Progress, obstacles cited in building STEMI networks



SNOWMASS, COLO. – Competition among hospitals and between cardiology groups constitutes the greatest barrier to well-functioning regional networks for ST-elevation myocardial infarction therapy, according to Dr. Bernard J. Gersh.

"We’ve got the resources in this country, but we are competitive. That’s the name of the game. So this is a real challenge. It’s an area where the state chapters of the American College of Cardiology could really help," said Dr. Gersh, professor of medicine at the Mayo Clinic, Rochester, Minn.

Dr. Bernard Gersh

The 2013 ACC/American Heart Association STEMI (ST-elevation myocardial infarction) guidelines list as a class I recommendation that "each community should develop a STEMI system of care." But a one-size-fits-all approach won’t work. Creating an efficient network to deliver reperfusion therapy to as many STEMI patients as quickly as possible in Los Angeles, where there is seemingly a percutaneous coronary intervention (PCI) center every few blocks, poses a very different set of challenges than in, say, Wyoming, with two cardiac catheterization laboratories to serve nearly a 100,000–square mile area, the cardiologist said.

He recalled a recent conversation with a colleague from a midsize Eastern city with four PCI hospitals. All four run three call schedules per 24 hours so an interventional cardiologist is always available. But collectively the hospitals handle an average of only five or six STEMIs per week.

"Can you really justify that? It’s just not a good allocation of resources. Furthermore, if you look at all the epidemiology coming out of the U.S. and the Western World, STEMI is in decline. Only about 30% of MIs now are STEMIs, and it’s going to be less and less," Dr. Gersh continued.

He said he admires the approach taken in Vienna. Three hospital systems serve this capital city of 1.7 million. Each system keeps its PCI center open from 8 a.m. to 5 p.m. After 5, however, the three PCI hospitals alternate call. The ambulance is diverted to go directly to the hospital whose catheterization lab is kept open that night.

"They can do that in Vienna. Can we do that here? I don’t know," he said at the annual cardiovascular conference at Snowmass.

Dr. Gersh noted that the American Heart Association Mission: Lifeline program, which was created to increase timely access to PCI for STEMI patients, recently published the first-ever national survey of regional STEMI systems. The purpose was to identify best practices, financing strategies, and barriers to system implementation. Responses were obtained from 381 STEMI networks with 899 PCI hospitals.

The single most commonly cited barrier to network implementation and optimal functioning was hospital competition, identified as a significant problem in 37% of the systems. Next came emergency medical services (EMS) transport and finances, cited by 26% of respondents. The third most common barrier was competition between cardiology groups, which was an issue in 21% of networks.

The predominant funding sources for STEMI systems were PCI hospitals and cardiology practices.

Based on his favorable personal experience with the Mayo Clinic STEMI network, which uses three helicopters, an airplane, and ground ambulances to serve 28 hospitals as far as 150 miles away, Dr. Gersh said it’s clear from the national survey results that most STEMI systems around the country are doing a lot of the important things right.

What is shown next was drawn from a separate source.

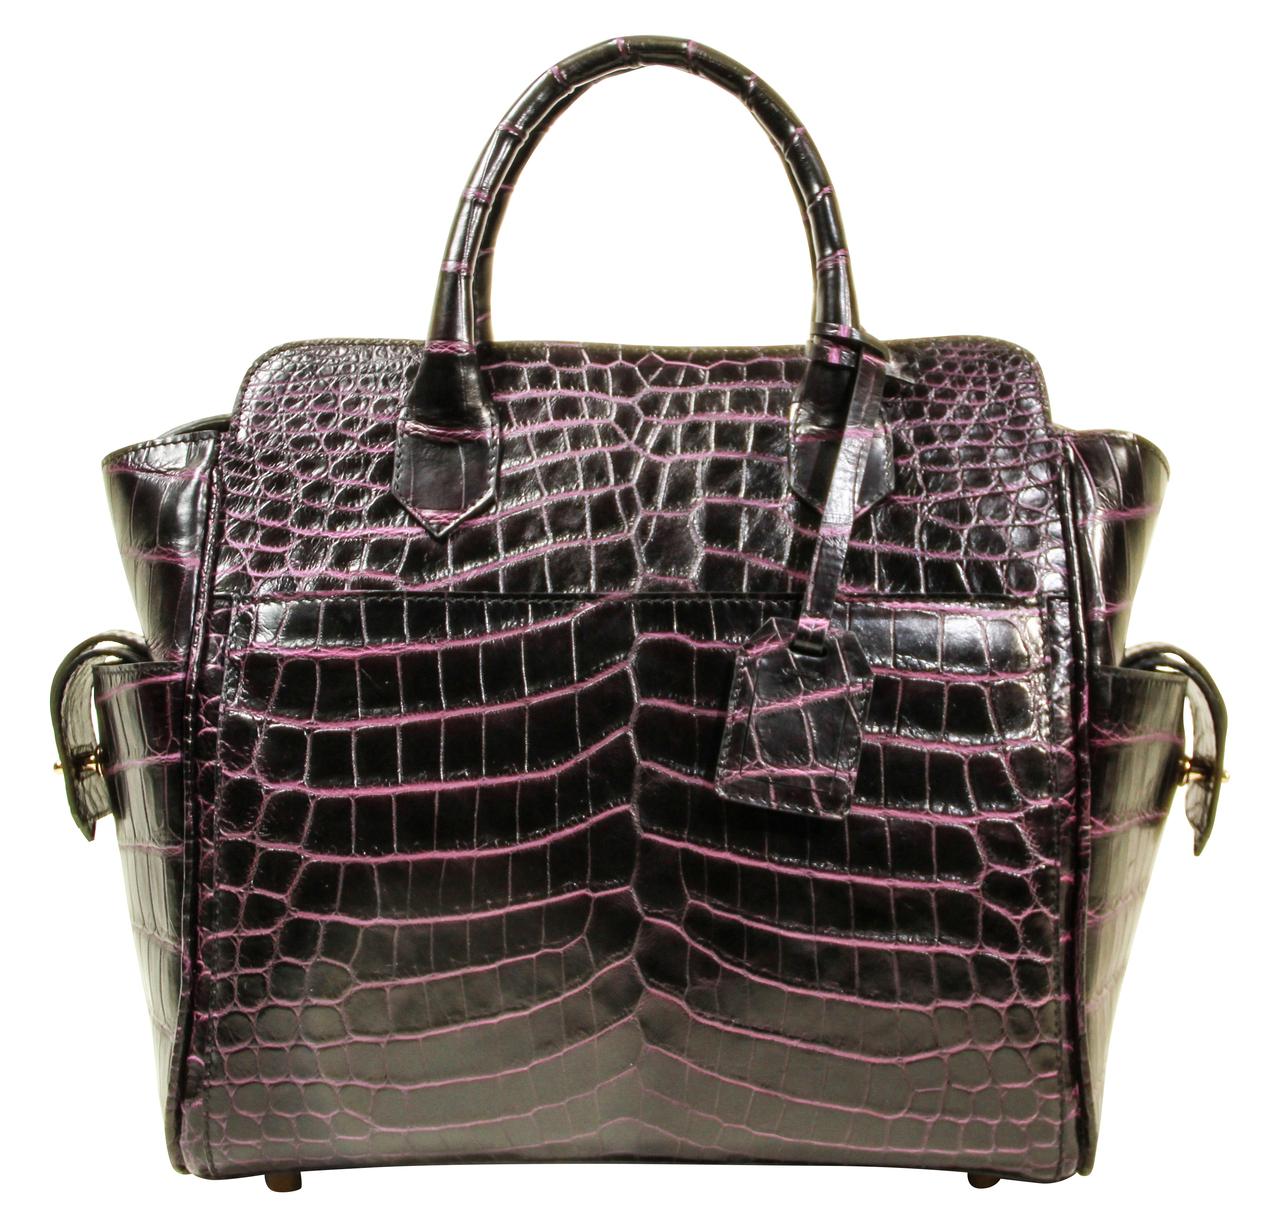 Trapeze Leveler - Nile Crocodile Satchel Bag - Two Tone Purple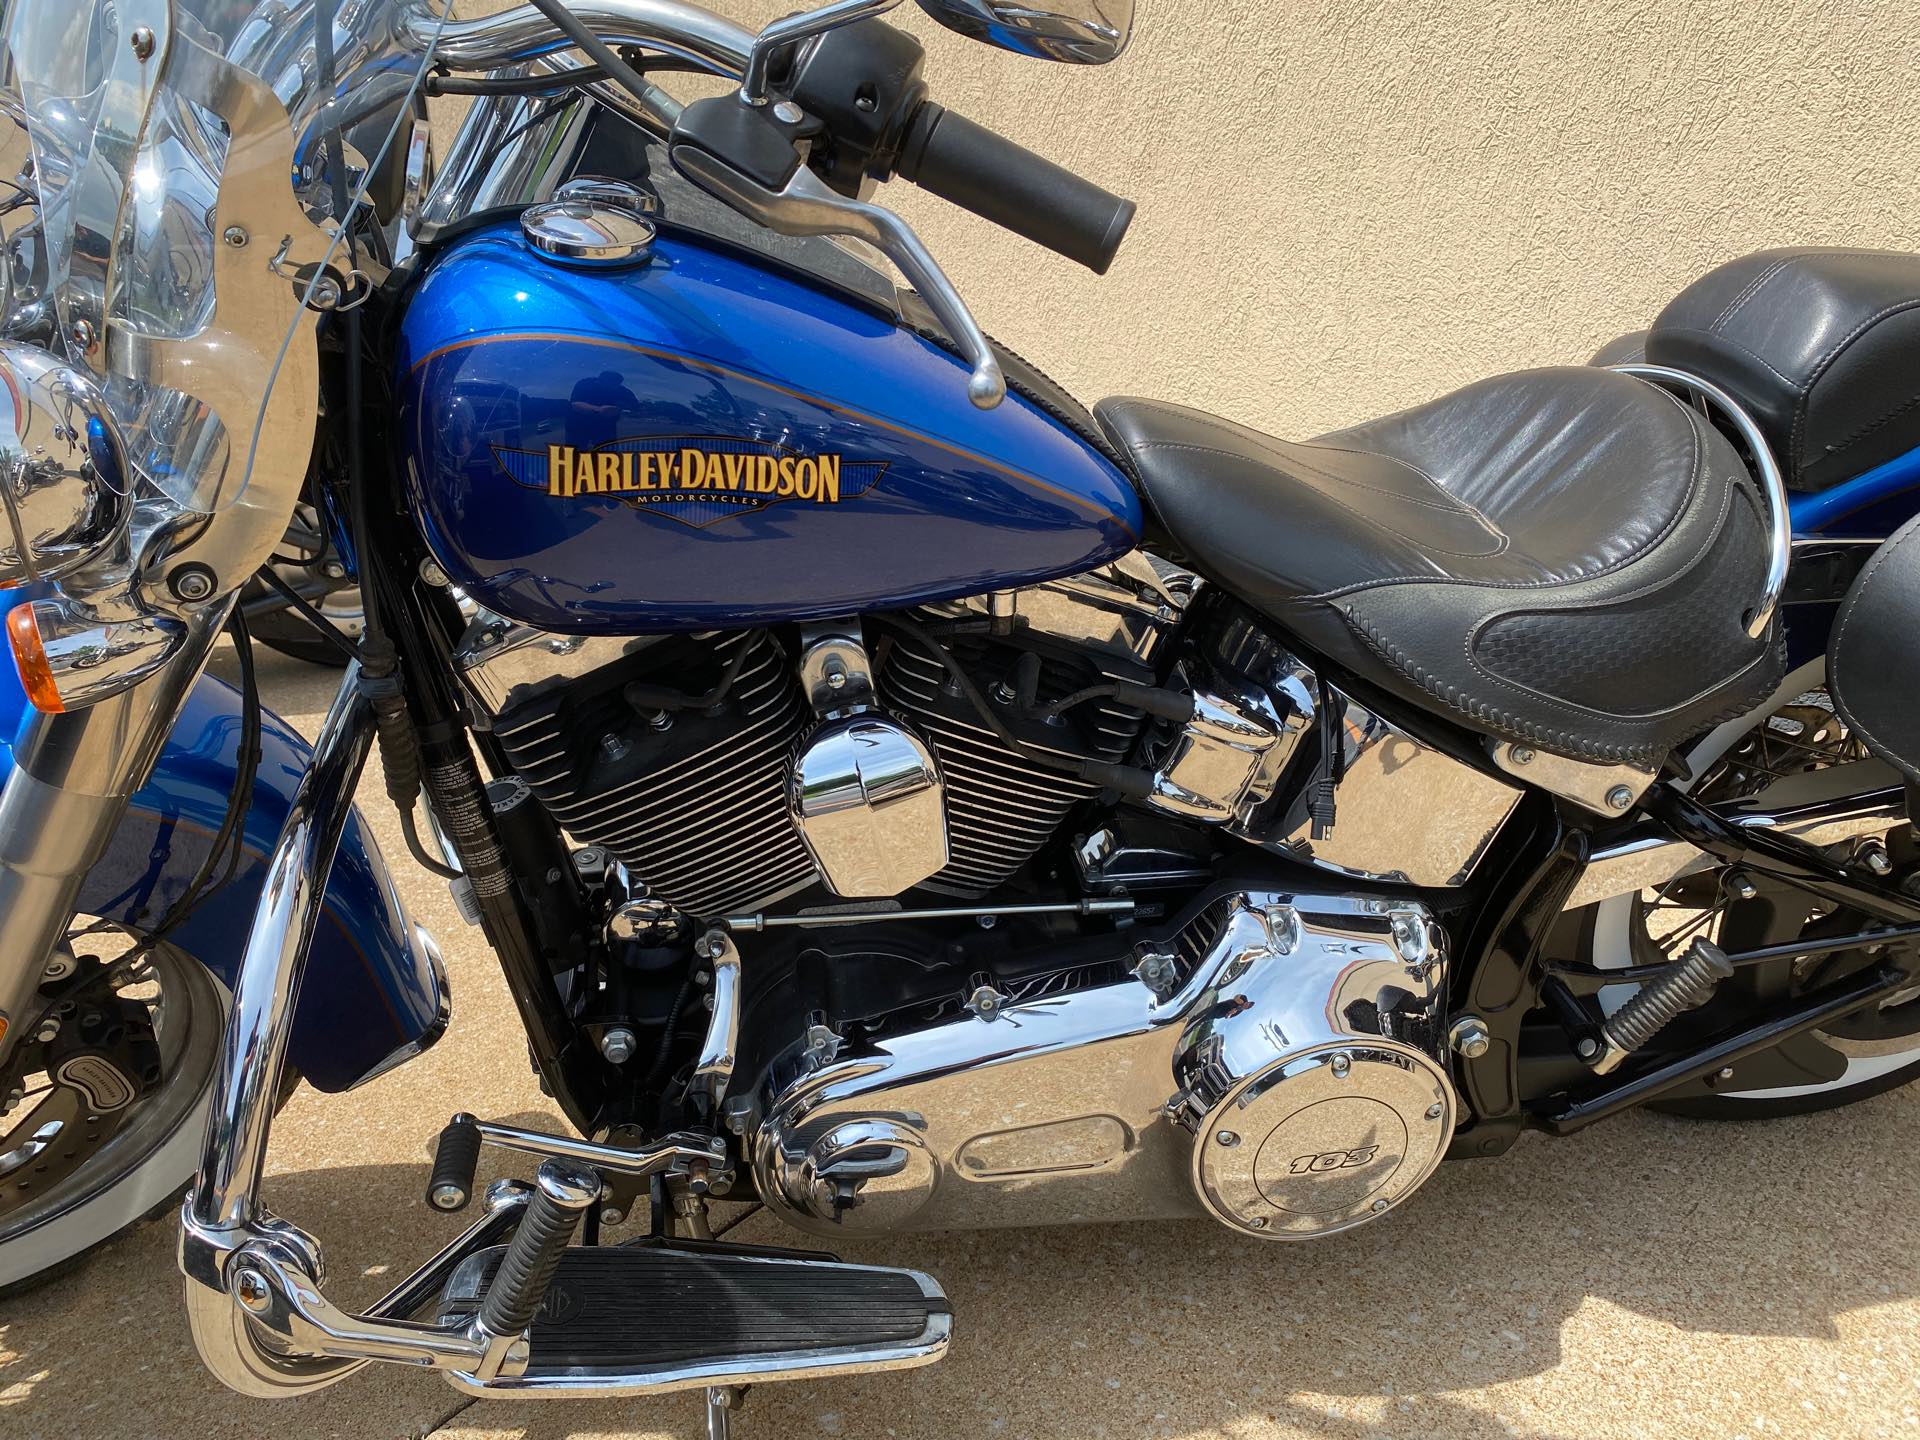 2017 Harley-Davidson Softail Deluxe at Gold Star Harley-Davidson

For example, 92% of systems activate the cath lab with a single phone call, 97% of PCI hospitals accept a STEMI patient 24/7 regardless of bed availability, and 84% of programs operate a data registry with continuous audit. Two-thirds of STEMI systems have the capability to transmit ECGs from at least some of their ambulances (Circ. Cardiovasc. Qual. Outcomes 2012;5:423-8).

In 87% of the networks nationwide, an emergency department physician can activate the cath lab without cardiology consultation. However, the Mayo Clinic network takes a different approach: Transferred patients bypass the emergency department and are taken straight to the coronary care unit or cath lab, according to Dr. Gersh.

In an editorial accompanying the Mission: Lifeline survey report, Dr. Timothy D. Henry, who in 2002 helped organize the nation’s first regional STEMI system at the Minneapolis Heart Institute, said, "The growth of regional STEMI systems in the United States over the past decade has clearly exceeded our expectations."

"Seven years ago," he added, "we published an article raising the question whether it was time for a national policy concerning the treatment of STEMI patients. Today, we are no closer to that policy, but I am no longer certain it is either necessary or if it would be helpful. Certainly, state and national legislation to support our financially strapped EMS would be welcome, including a 12-lead ECG in each ambulance, [an] automated external defibrillator in all public places, and support for both EMS training and data collection, as well. Public policy changes to provide financial incentives for more rational use of resources to support regional STEMI systems rather than building more catheterization laboratories would also be helpful" (Circulation 2012;126:166-8).